Hey everyone.  Just four more days before I leave Canada to start my Masters Program.  I’m pretty excited, and I expect to be posting more regularly once I’m back in an academic environment.

First I want to thank Grace for nominating me for the Liebster Award (http://ift.tt/ZM8yPl).  The Liebster Award is designed for bloggers to promote other bloggers with fewer than 1,000 followers to gain recognition for their amazing blog writing.  Unfortunately I cannot accept the reward because to accept it I have to nominate five other blogs, and I don’t actually read any other blogs.

Now that that’s out of the way, onward to today’s topic: Magic!

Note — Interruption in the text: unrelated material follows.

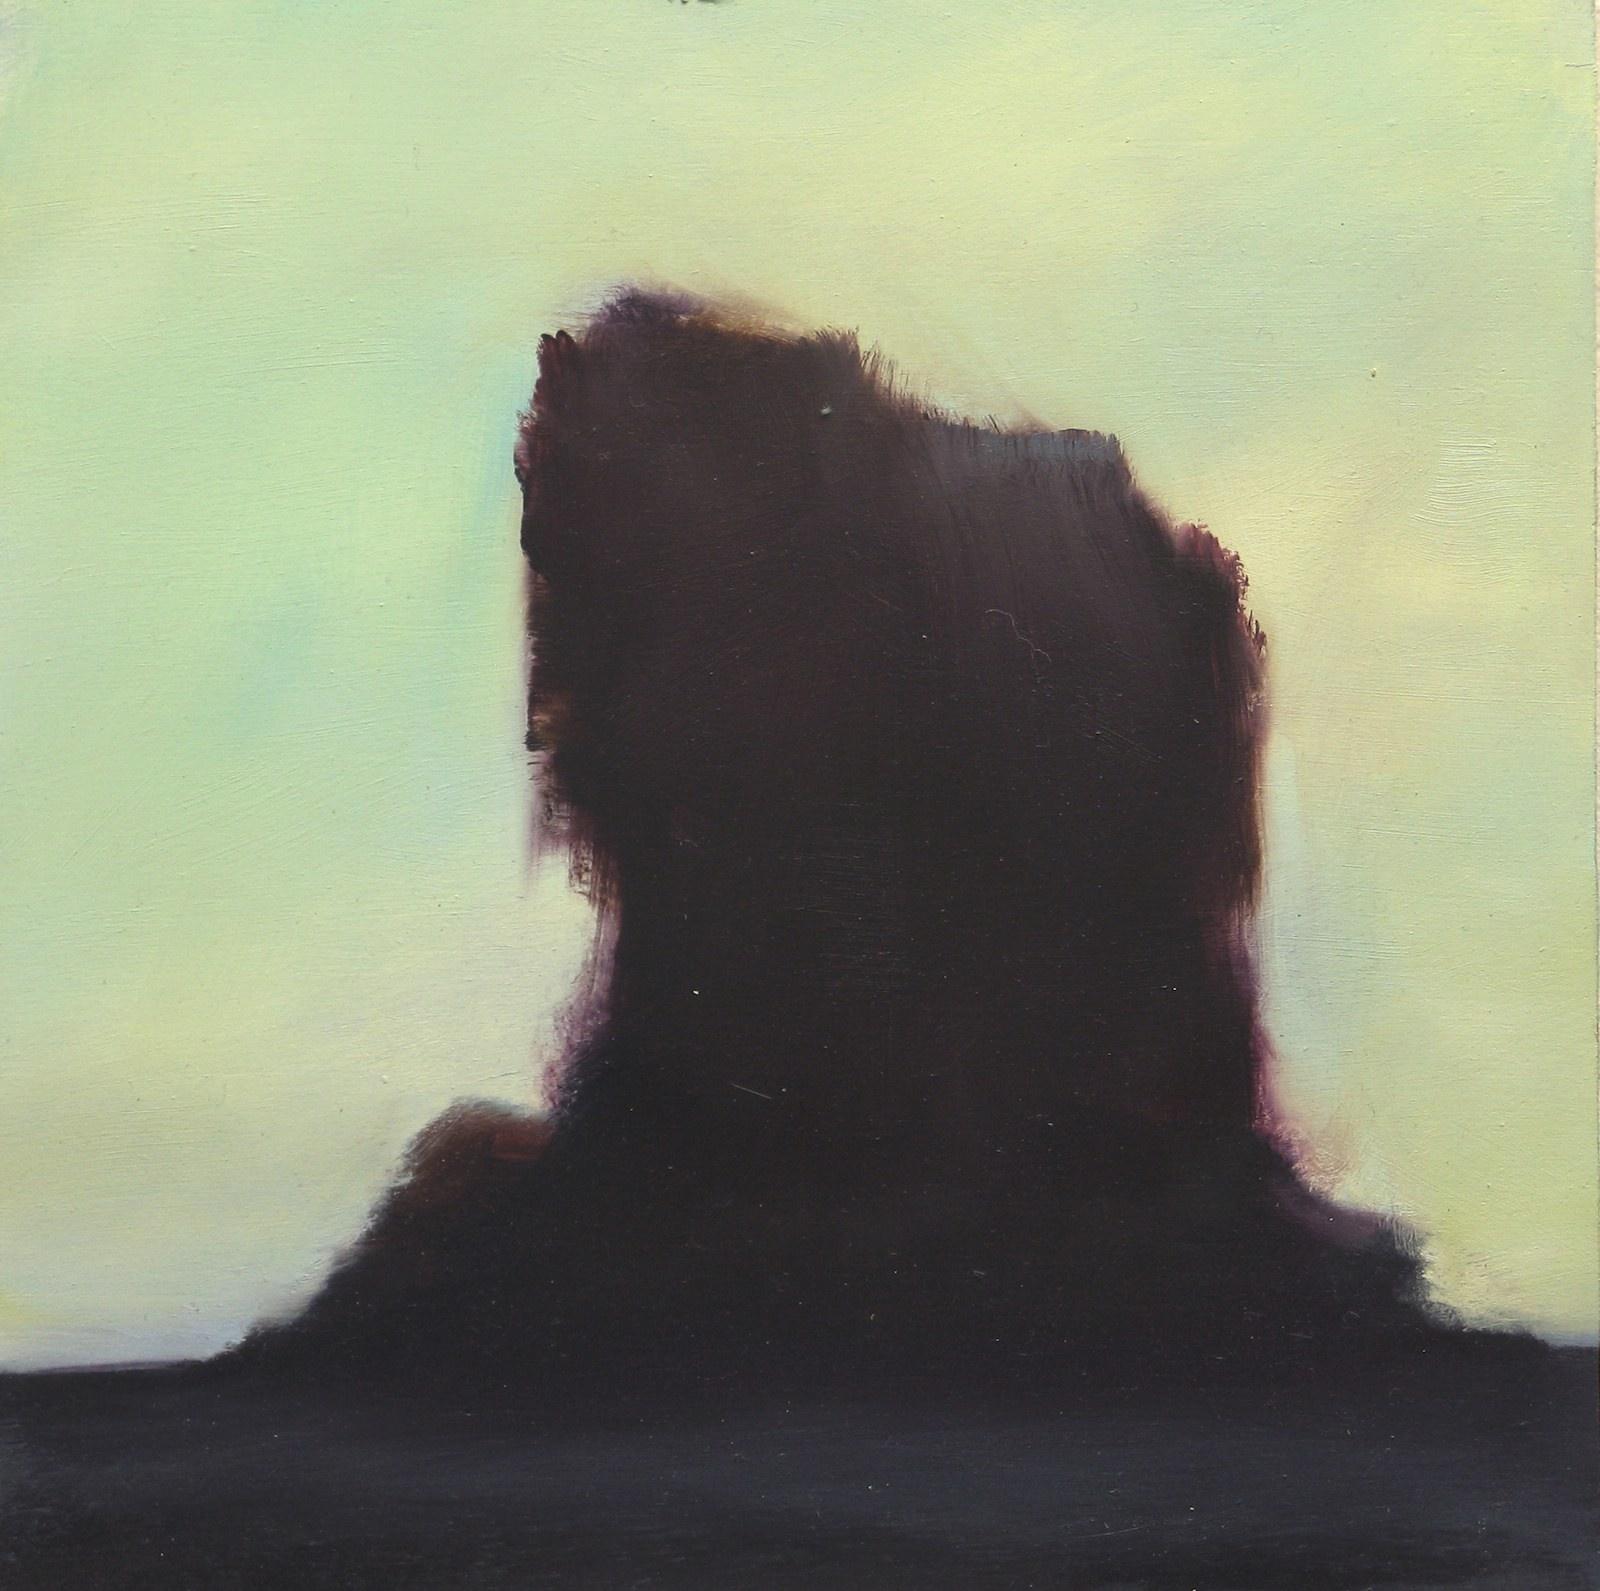 Arizona,25 x 25 cm, 2009

As I’m pretty sure I’ve mentioned before, I’m a huge fantasy fan.  My interest in philosophy and fantasy seldom meet.  Philosophy is often pretty barren in fantasy stories.  This is not the case universally, but when philosophy does make its way into the story, it is usually distinct from the fantasy element of the story.  Take the works of Abercrombie or George R.R. Martin.  I find both of these authors to write intellectually engaging stories.  However, it is not the magic that is interesting, rather it is the characters and their struggles.  Another of my favorite fantasy authors, Brandon Sanderson, makes aesthetically pleasing and original magic systems.  But there’s still little that is philosophically provoking about the magic systems.  They’re artistic in a mostly non-intellectual way.  I think that fantasy authors are often extremely inattentive to the metaphysics that their magic system implies.  I’m inclined to attribute this to lack of metaphysical reflection to two devils, the reuse of magical cliches and a reliance on intuitive metaphysics (and, maybe, the fact that most people aren’t looking for metaphysical reflection in their fantasy book and it would generally probably ruin the flow of the story).

I’m going to use Harry Potter as a case study, for two reasons.  First, it is a series that is likely more familiar to my readers then most, and the series is also so drenched in magic that I can find many examples of how messed up the world’s metaphysics are.

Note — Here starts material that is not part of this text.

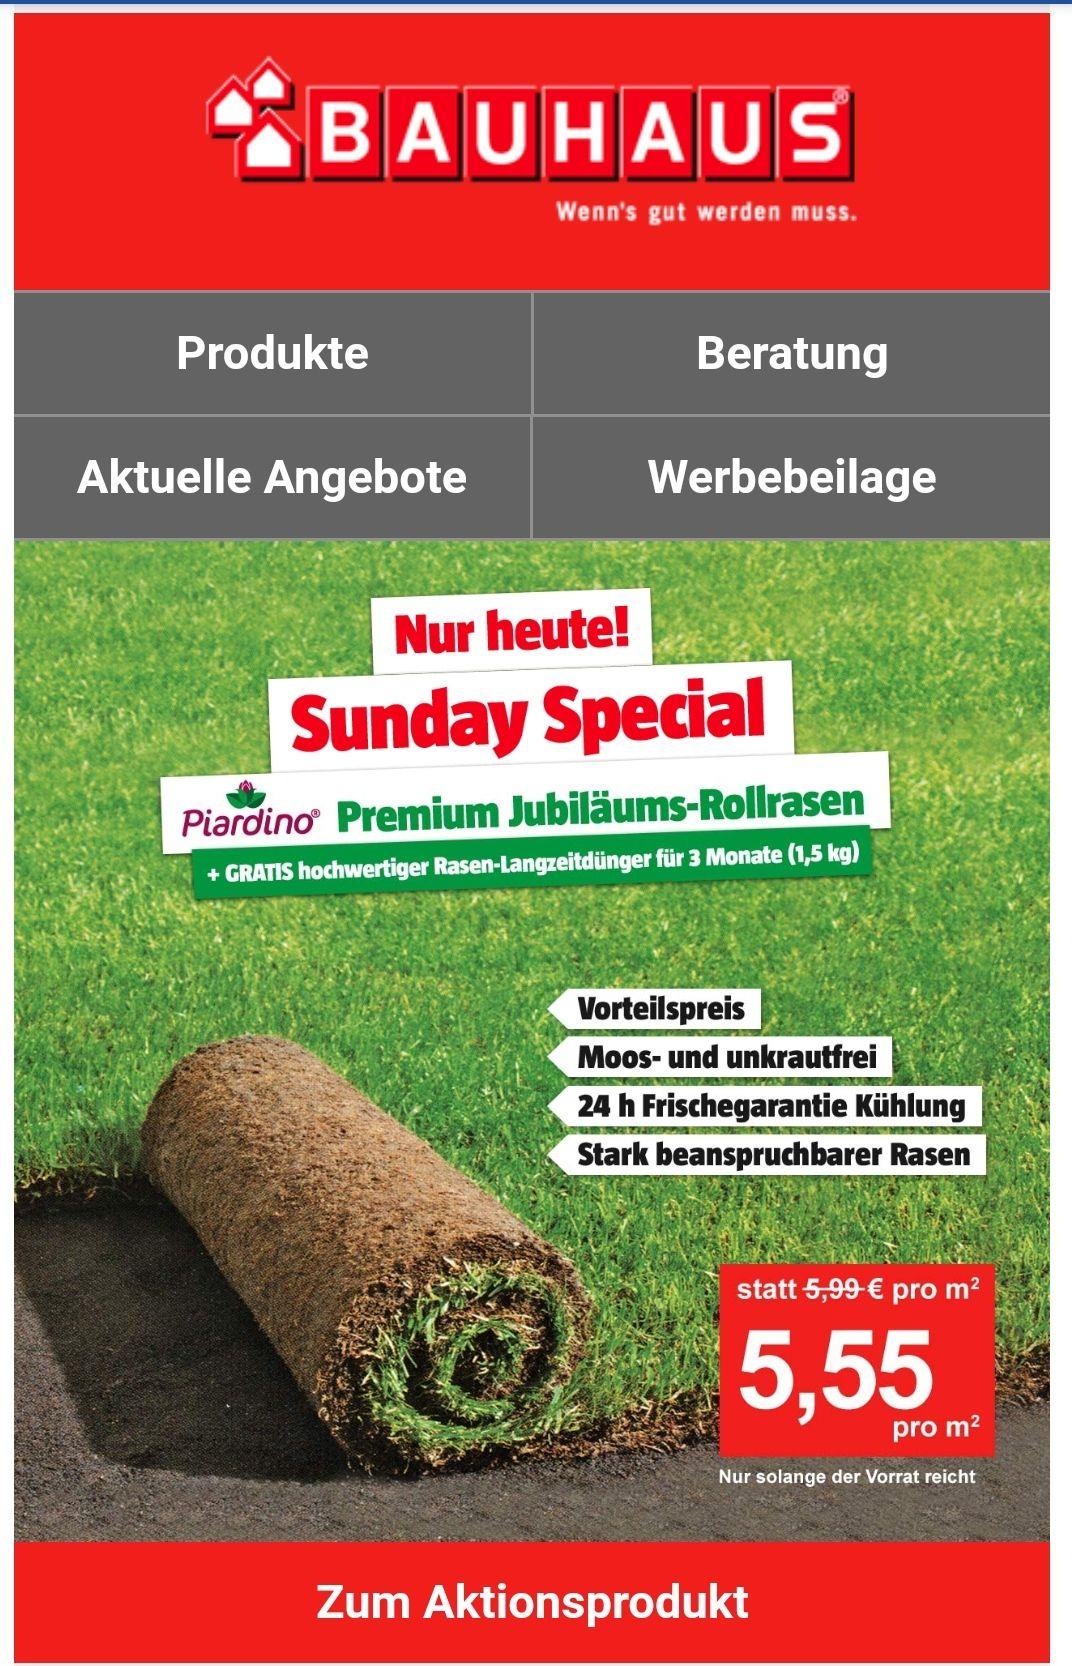 Piardino Premium Jubiläums-Rollrasen 50qm - inkl. gratis Rasen-Langzeitdünger 1,5 kg

First example: spells are cast in Latin, and pronunciation matters (Wingardium Leviosa!).  This suggests that spells are not just being cast with words as some kind of focusing agent, but that the words themselves are magical.  Spells therefore seem to be something discovered, not created.  Magical latin phrases are an ingrained part of reality.

Souls are real.  No one seems to reflect on how huge this is.

Time travel exists.  This has some significant implications for the nature of space and time.

Our greatest fears, our strongest desires, these are actual things.  The Mirror of Erised shows us our hearts desire, while that funny poltergeist thing in book 3 takes on the form of our greatest fear.  This has important ramifications for the nature of our identity and soul, as well as our psychology.

The universe has forms or kinds.  In book 2 that poser wizard removes all the bones in Harry’s arm.  Ergo, the bones in Harry’s arm are metaphysically distinct enough from the rest of his body that they can be specified and removed.  Also, injuries can be healed.  This suggests that there is some kind of metaphysically existent telos of health that magic can move us towards.

I’m sure there are more examples, but I think that’s enough to get my point across.